Carpobrotus chilensis and C. edulis

Carpobrotus chilensis and C. edulis

Ice plant

Bonnie’s drawing is a generalized drawing representing two species commonly called ice plants. They both are fairly common along the coast and within freeway and railroad right-of-ways. The two species are Carpobrotus chilensis and C. edulis. They should be easy to distinguish. According to the new Jepson Manual, C. chilensis has smaller flowers (3-5 cm compared to 8-10 cm) and leaves (4-7 cm as compared to 6-10 cm in C. edulis).

Flower colors are reported to be different as well. C. edulis produces yellow petals while petals in C. chilensis flowers are reddish to pinkish. However, color can be misleading as the yellow flowers of C. edulis dry pinkish.Newly dry flowers in both species are quite showy.
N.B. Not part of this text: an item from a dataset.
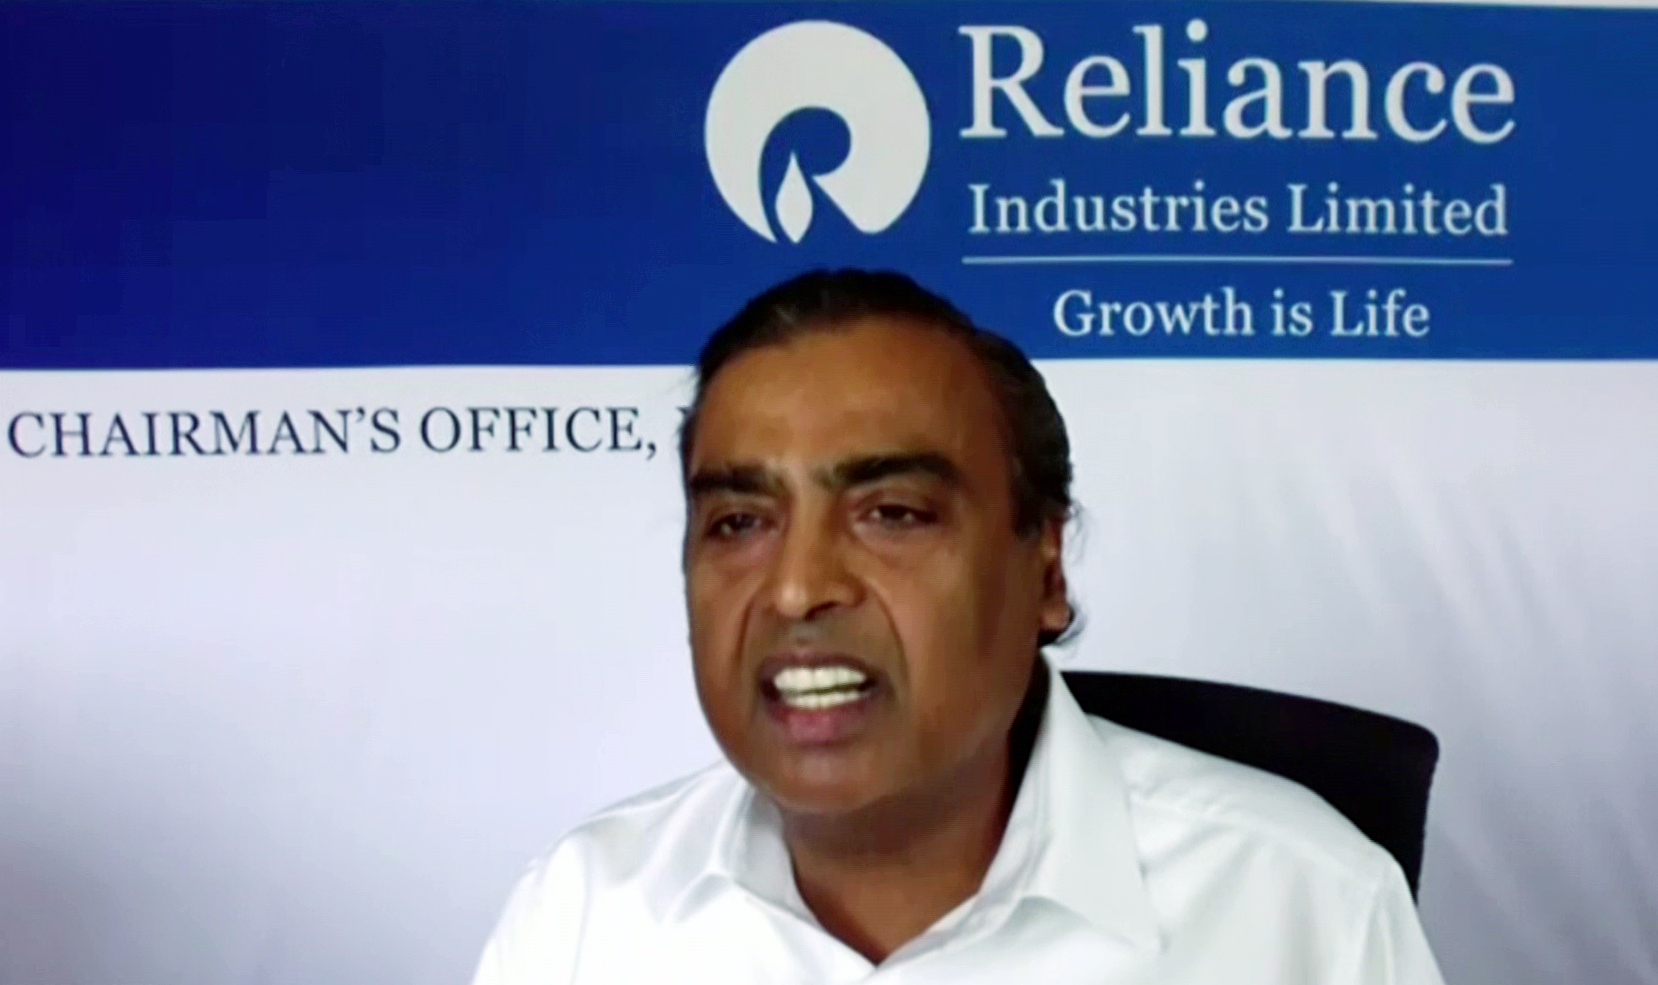 Mukesh Ambani bats for India’s $5 tn leap, pushes for 5G rollout

Most identification manuals indicate that the two species can be separated on the shape of their succulent leaf cross-sections – rounded triangular in C. chilensis and sharp triangular in C. edulis. C. edulis is said to have the leaf angle pointing away from the stem axis bearing a few teeth toward their tip. I have to admit that I haven’t observed that character particularly in our area.

After indicating how different these two species are, I need to report that the literature also reports that they hybridize. In other words, separation may not be quite as easy as the characters would indicate.

I find the common name, ice plant, to be misleading, but understandable. First, let’s look at the misleading part. There is nothing in their appearance that indicates ice. Their ranges, like most of us people in Southern California, avoid areas where any significant ice would be found. I suspect the water in their succulent leaves would quickly freeze if they were exposed to severe or even extended near freezing temperatures. Growing ice crystals in their water filled cells would destroy cell membranes causing cell death which leads to leaf and plant death. So where does the common name, ice plant, come from?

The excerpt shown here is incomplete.